» **What is being asked**
Print the data exactly. Pictures stay out.
==== Supplied material
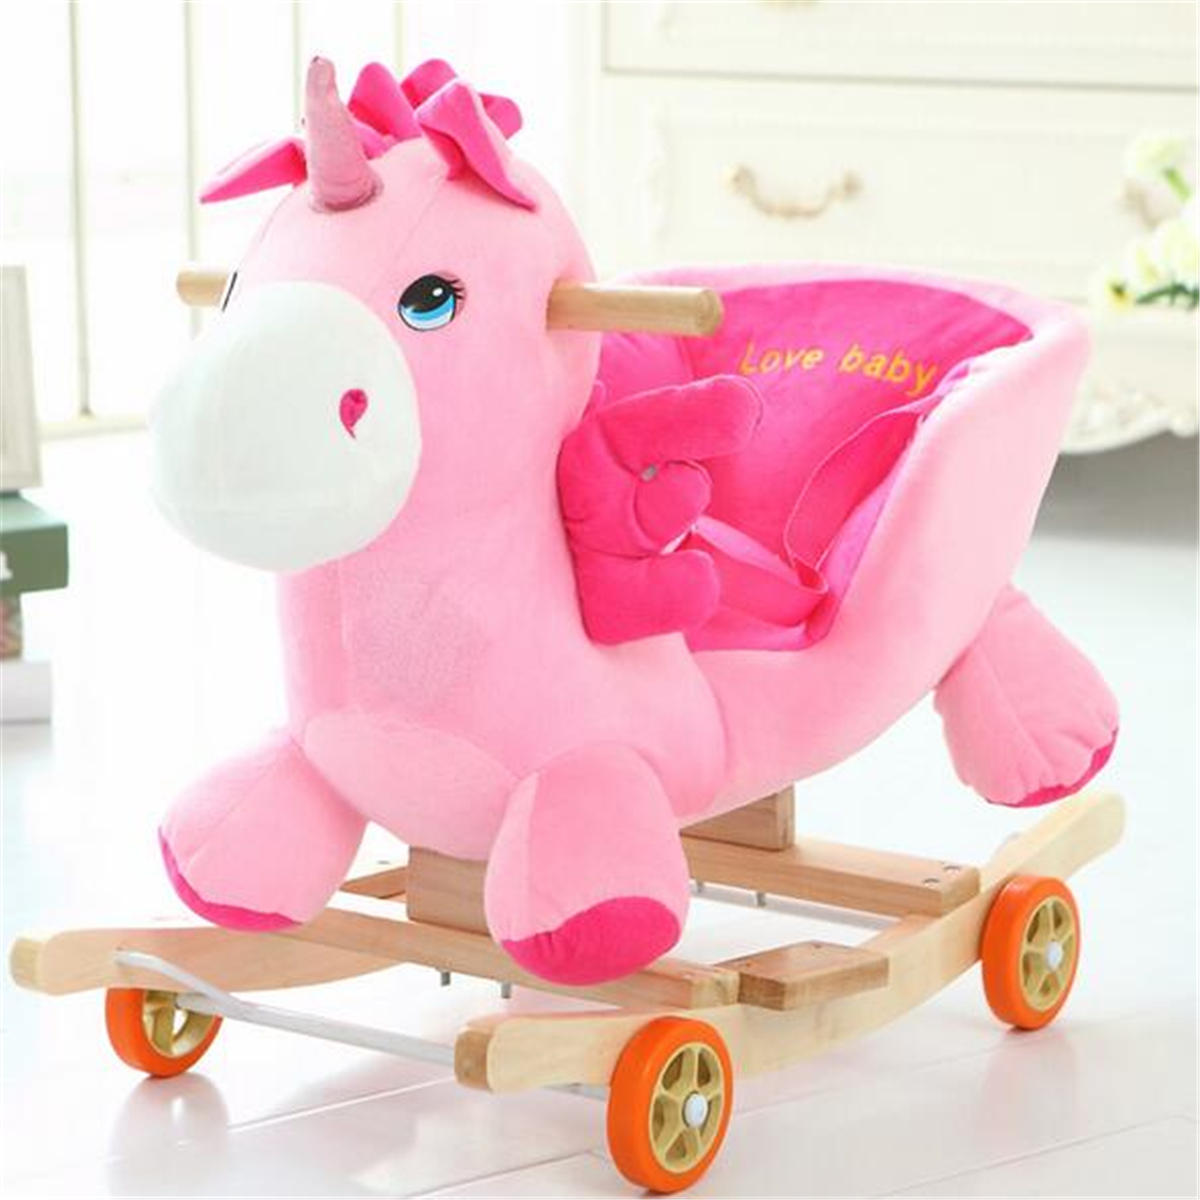 wooden horse toy for baby
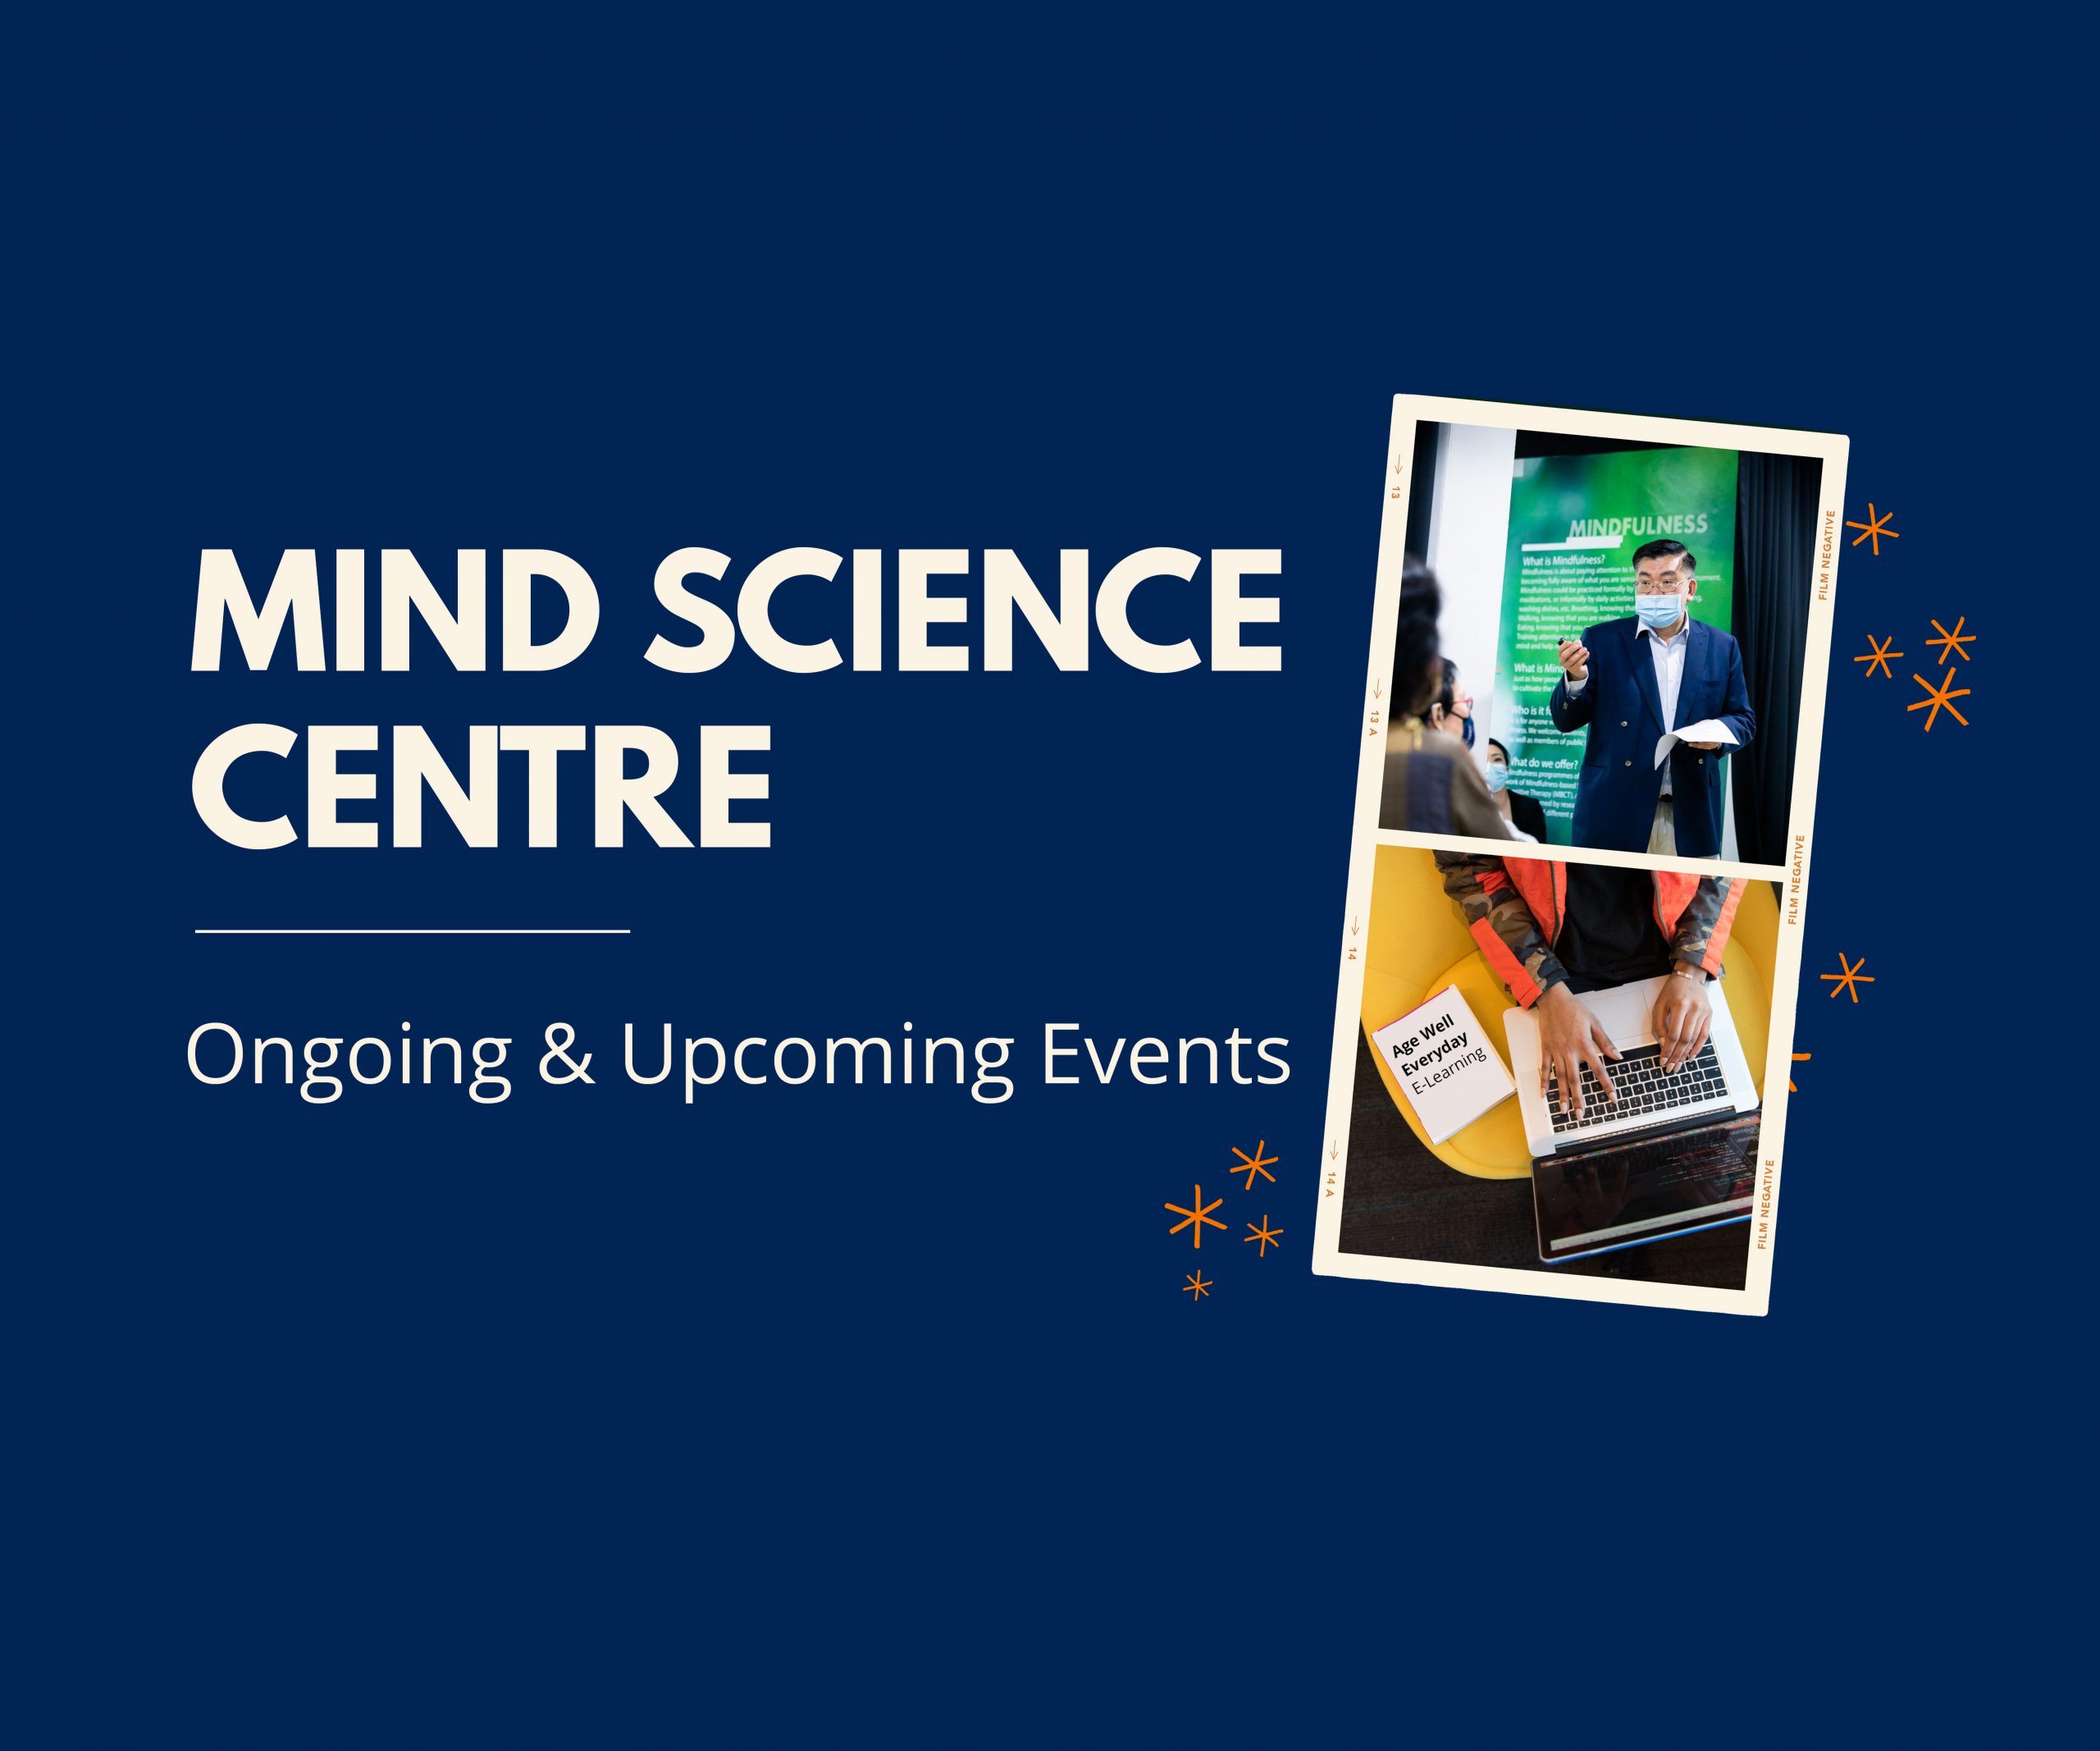 Mind Science Centre: Ongoing & Upcoming Events
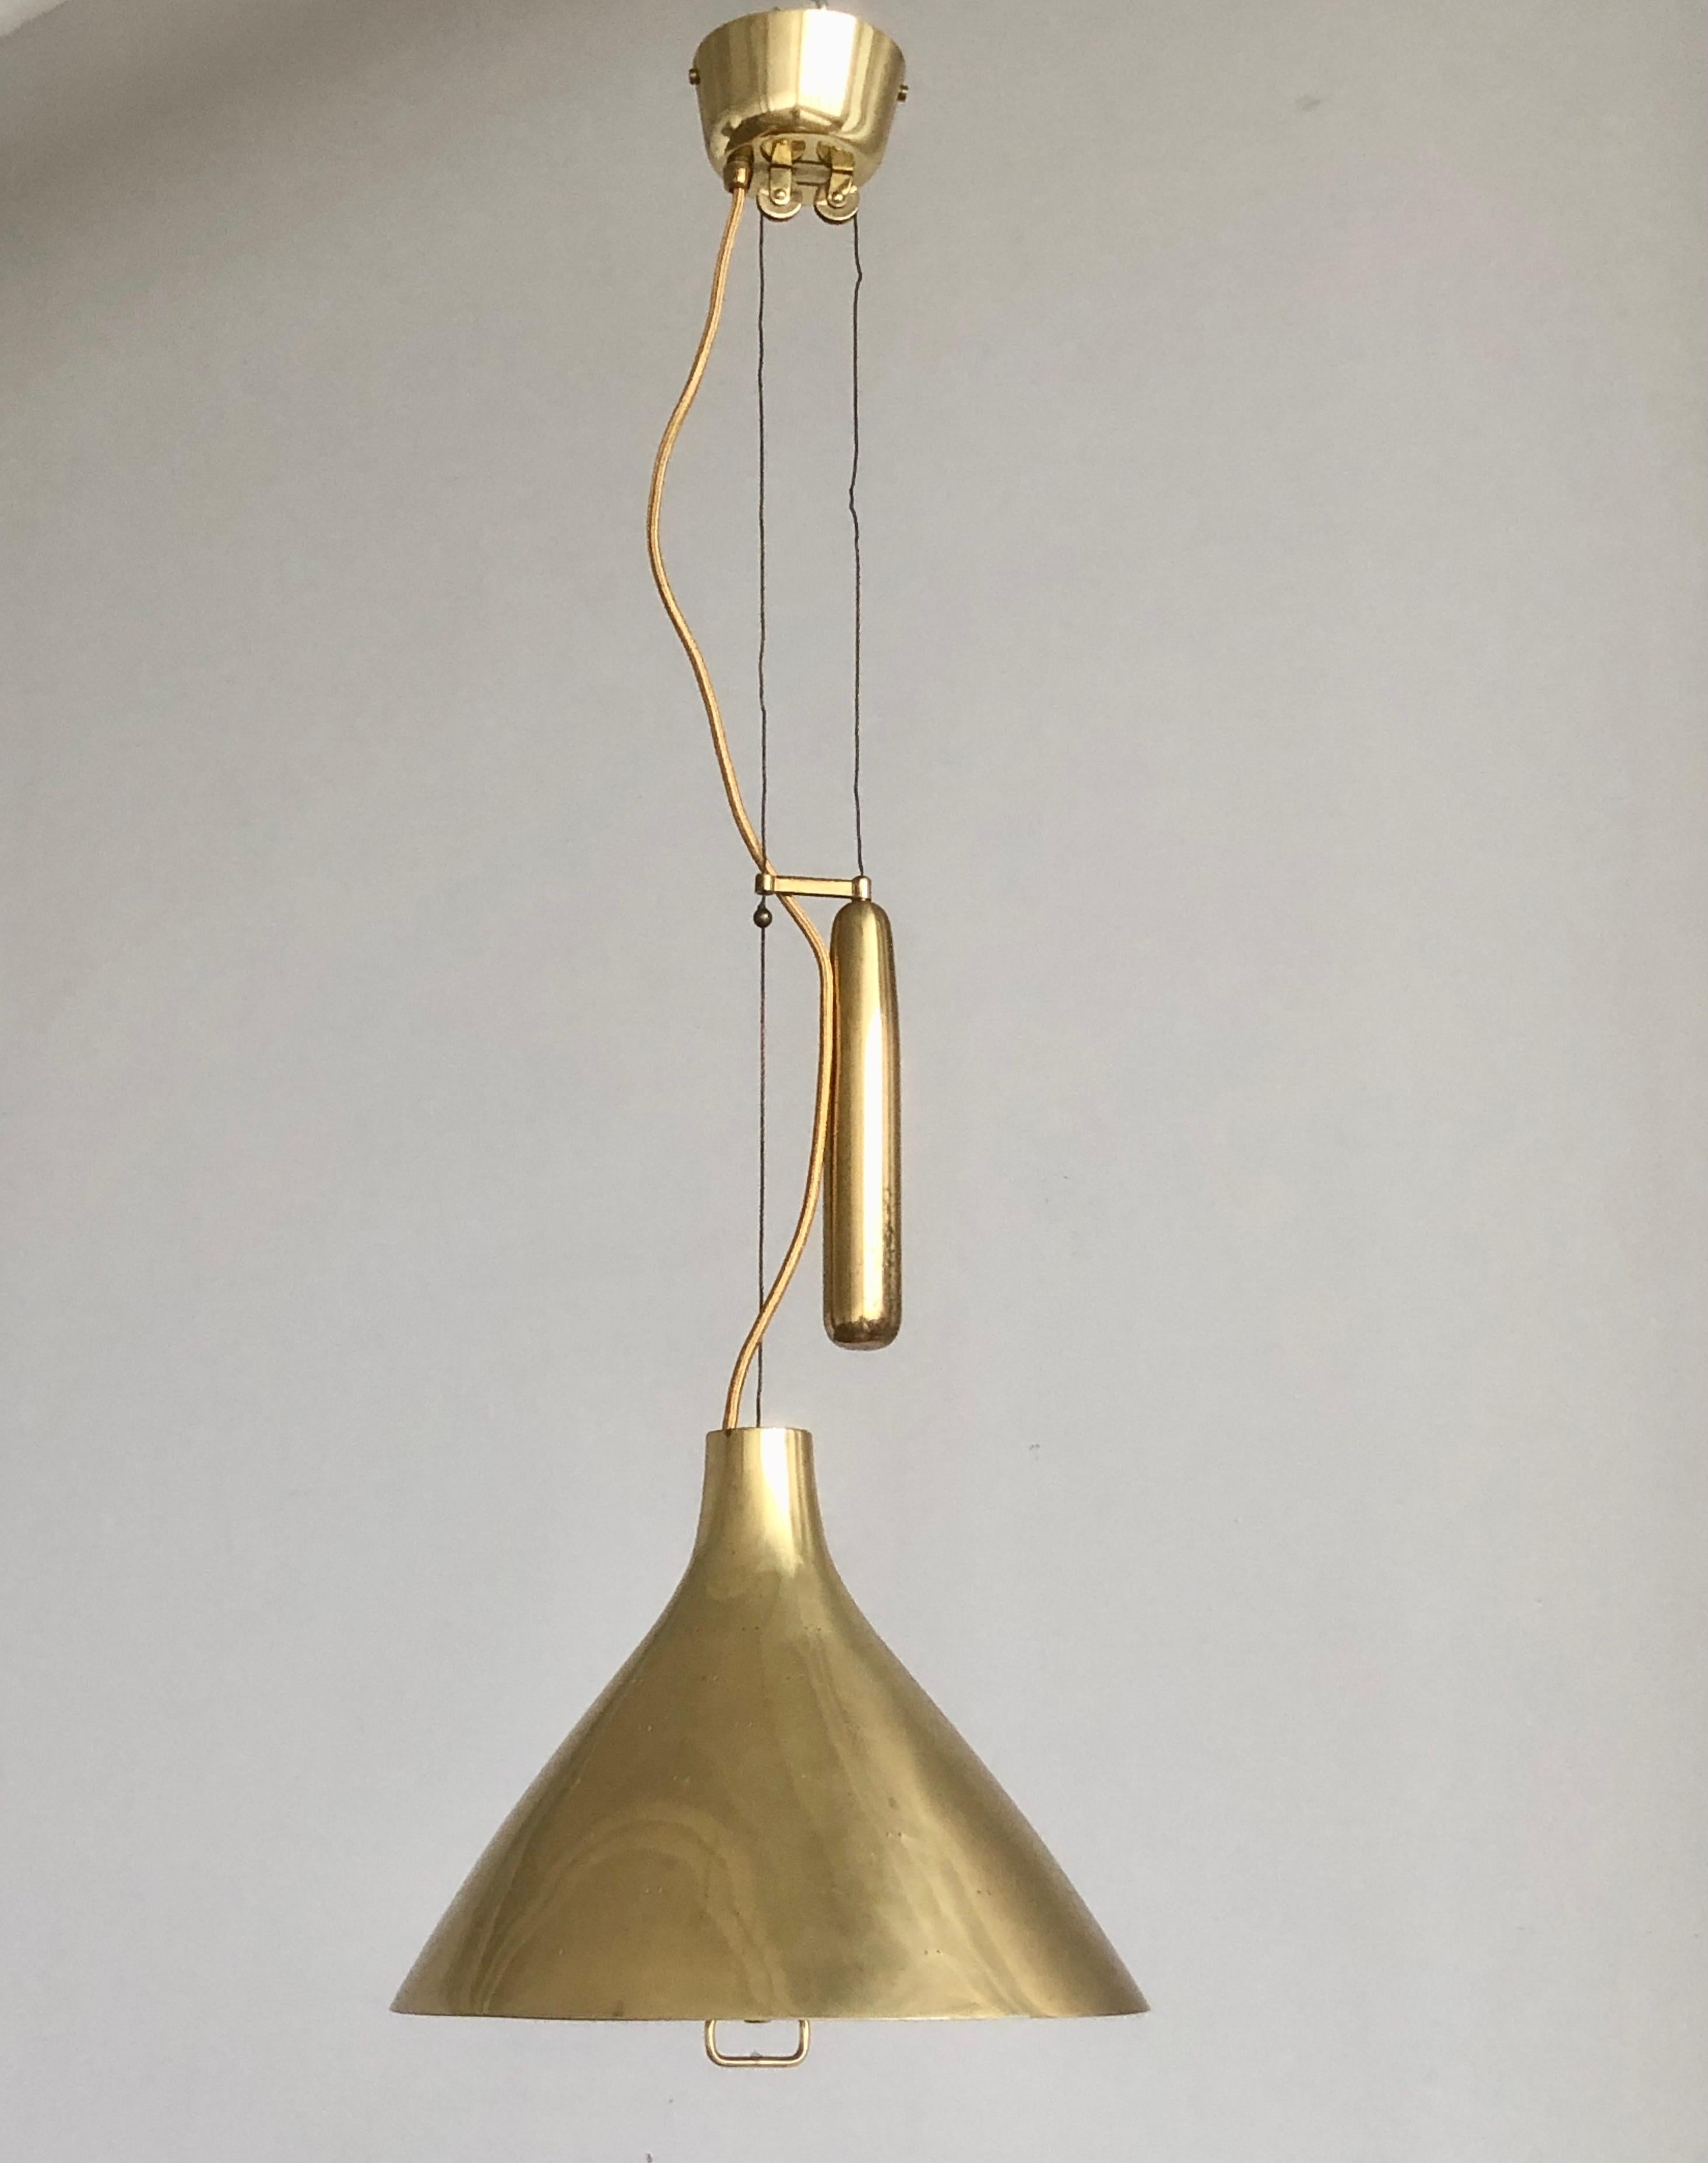 Large lighting pendant with counterweight designed by Paavo Tynell.
Perforated polished brass shade with frosted glass diffuser. Variation of model A1982, featured at Idman catalogue.  The height adjustable fro 40
========
» **Your response**
 wooden horse toy for baby
 Mind Science Centre: Ongoing & Upcoming Events
 Large lighting pendant with counterweight designed by Paavo Tynell.
Perforated polished brass shade with frosted glass diffuser. Variation of model A1982, featured at Idman catalogue.  The height adjustable fro 40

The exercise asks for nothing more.